When it is an IRP that you created, you never ever EVER return anything other than STATUS_MORE_PROCESSING_REQUIRED. There is nobody above you who knows anything about your IRP, so they can’t possibly do anything useful with it.

Oh yeah, OnComplete is for his IRP, not the IRP he is filtering. My bad.

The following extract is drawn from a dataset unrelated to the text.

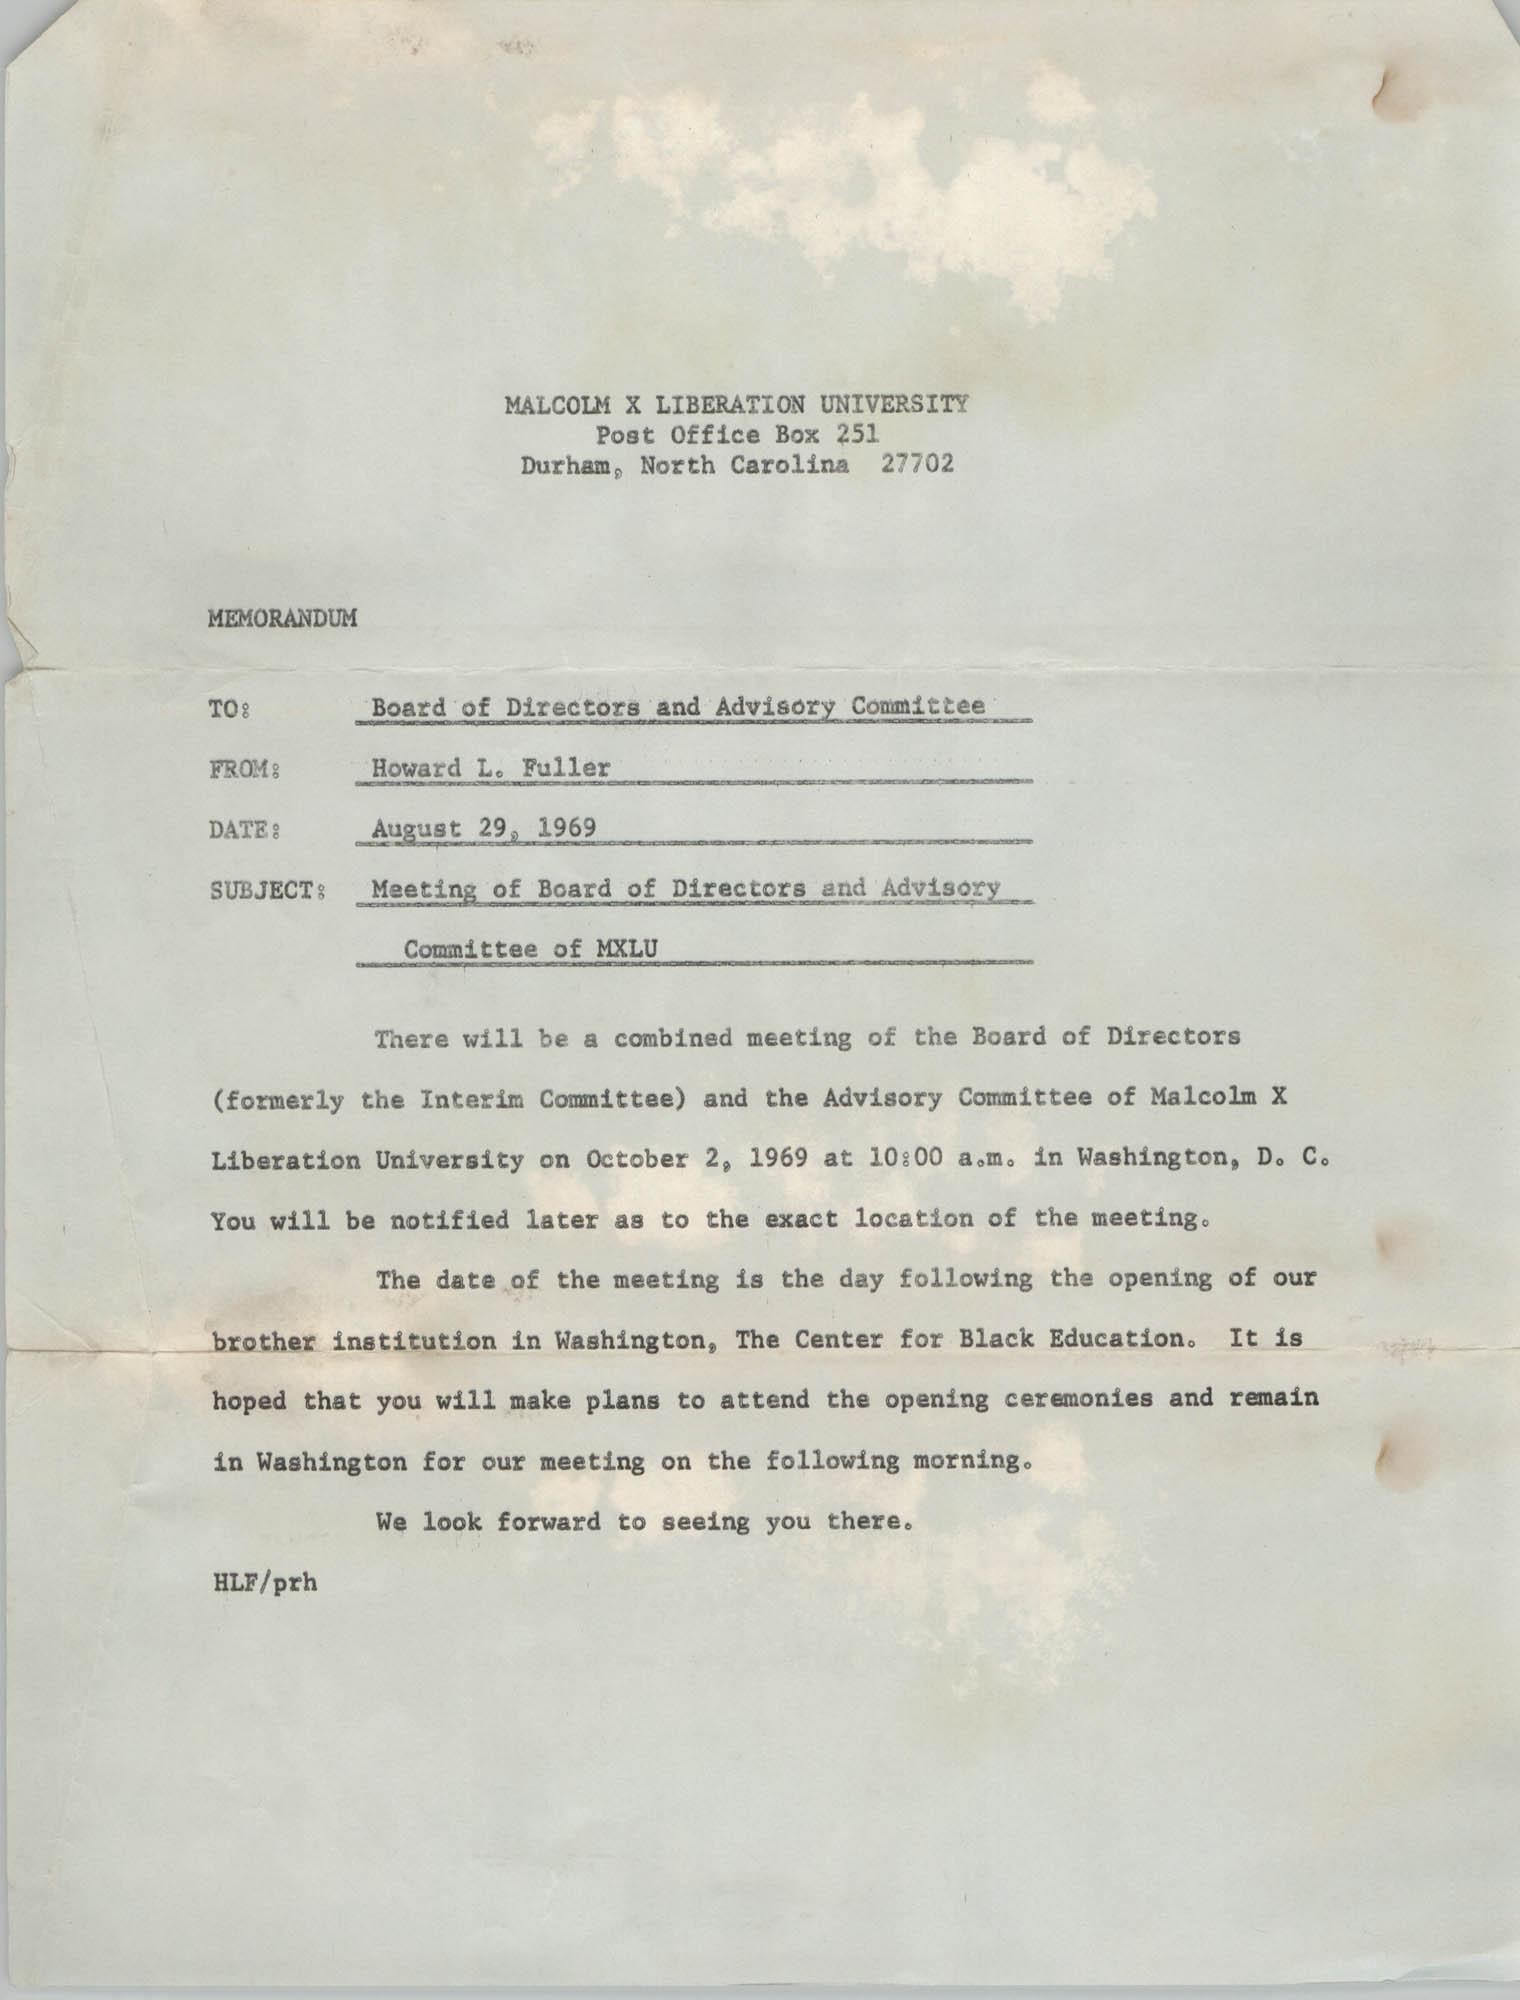 Malcolm X Liberation University Memorandum, August 29, 1969
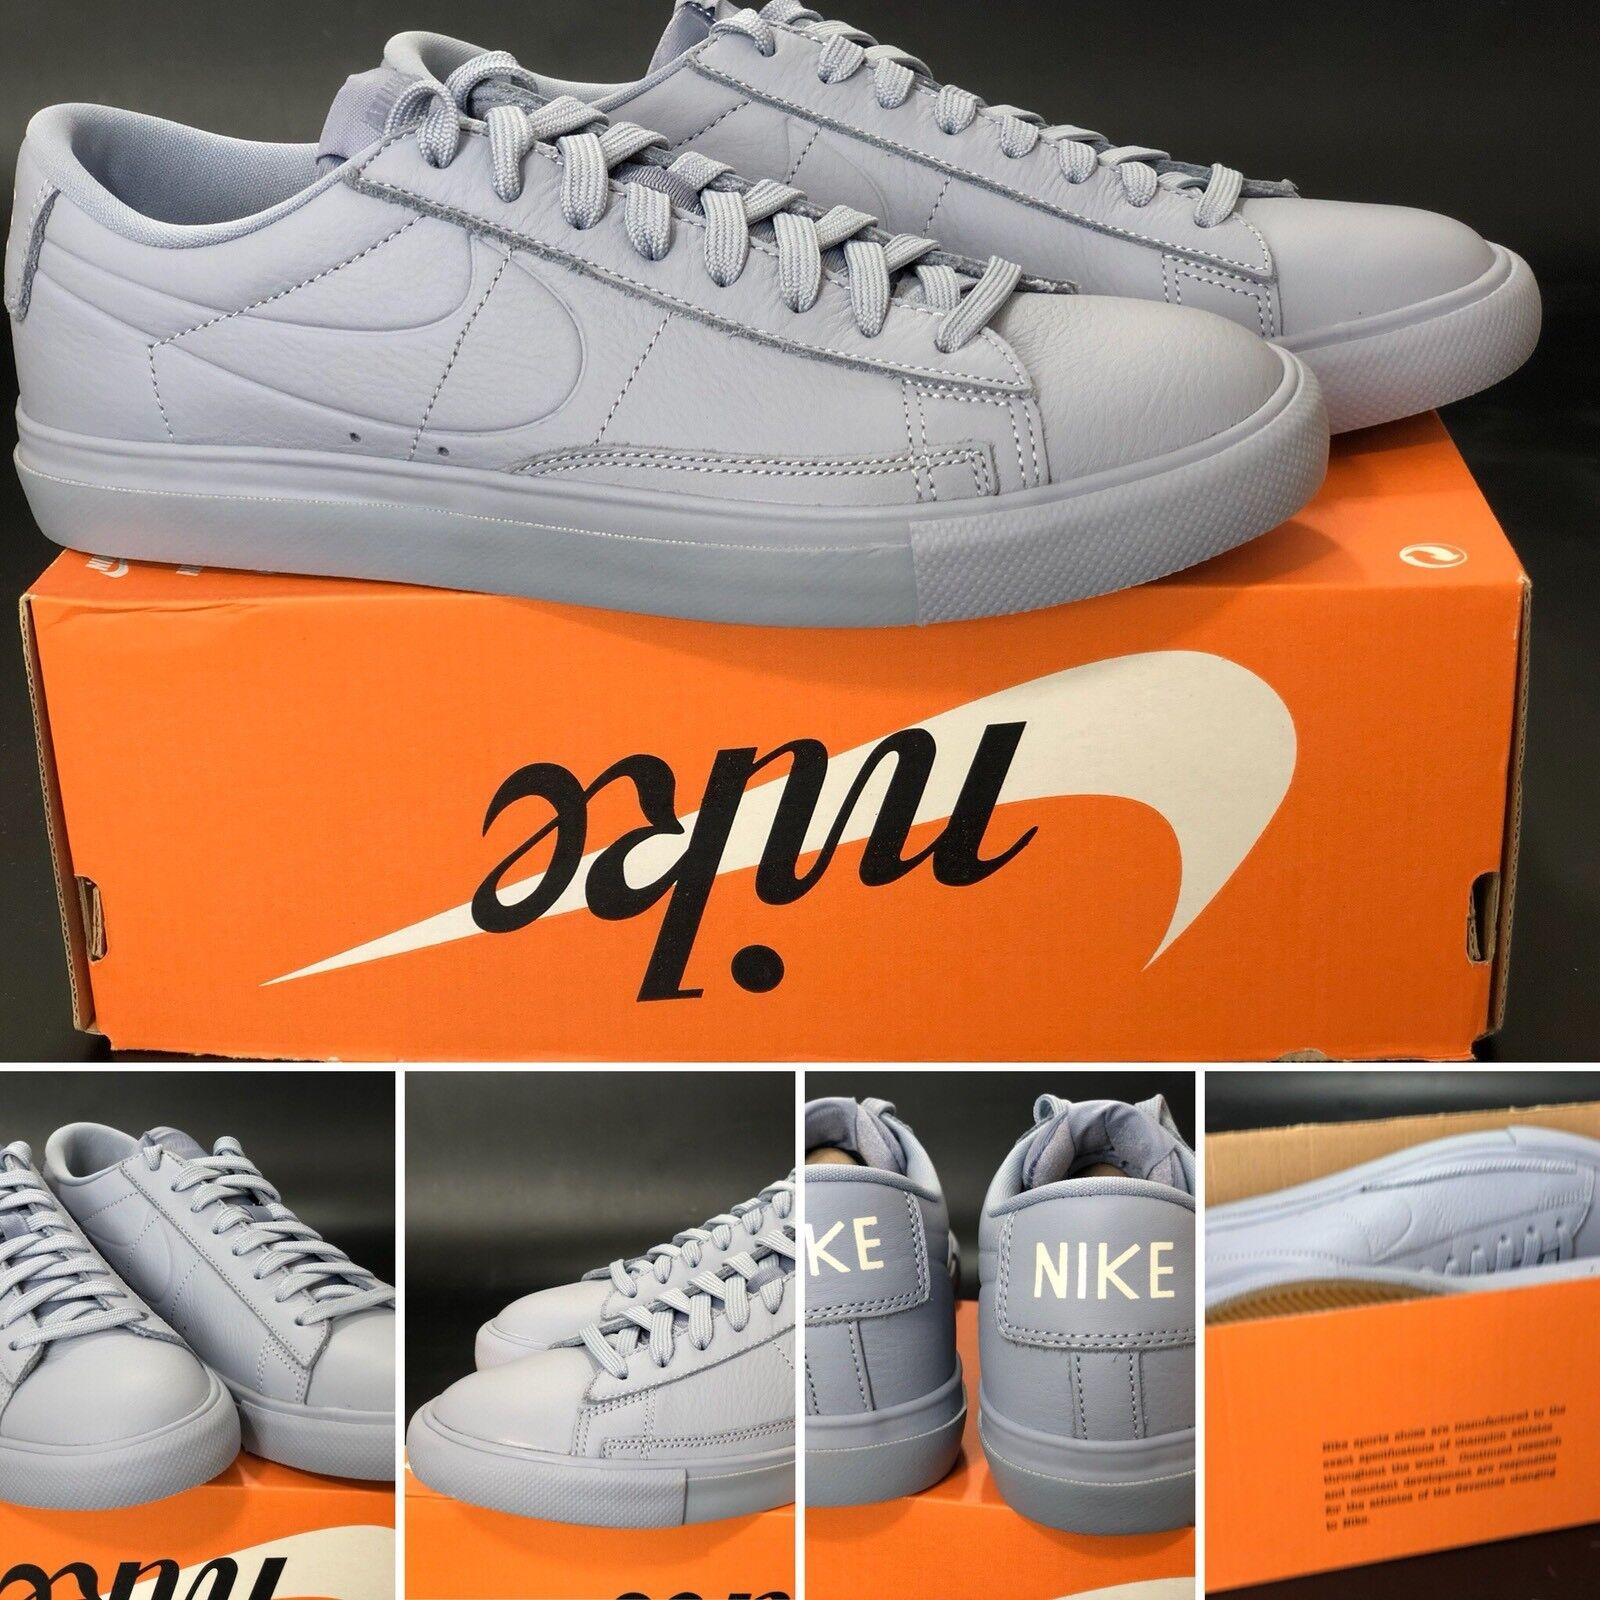 Nike blazer ghiacciaio grey dimensioni uk6 / us7 / eur40 / cm25 371760-025

Here is how I have changed an r/w IPR MDL in the past:

PIO_STACK_LOCATION c_stack = IoGetCurrentIrpStackLocation(Irp);
ULONG length = c_stack->Parameters.Write.Length;
// Save original MDL. We will pass it on to the completion handler.
PMDL w_mdl = Irp->MdlAddress;
PVOID ptr = ExAllocatePool(NonPagedPool, length < PAGE_SIZE ? PAGE_SIZE :
length);
PMDL r_mdl = IoAllocateMdl(ptr, length, FALSE, FALSE, NULL);
MmBuildMdlForNonPagedPool(r_mdl);
Irp->MdlAddress = r_mdl;

And to free the MDL, use this sequence:

IoFreeMdl(r_mdl);
ExFreePool(ptr);

I’m not sure I’d map the MDLs to the same address range either. Maybe do a
copy since you are just testing.

I tried using IoAllocateMdl with original buffer and also with new allocated buffer. In both cases it hangs just like before. The traces show lot of READ IRPs that are completed and two WRITE IRPs that are not completed.

Did you do this to the MDL for the newly allocated NPP?:

MmBuildMdlForNonPagedPool(r_mdl);

Yes. Otherwise it crashes with BAD_POOL_HEADER.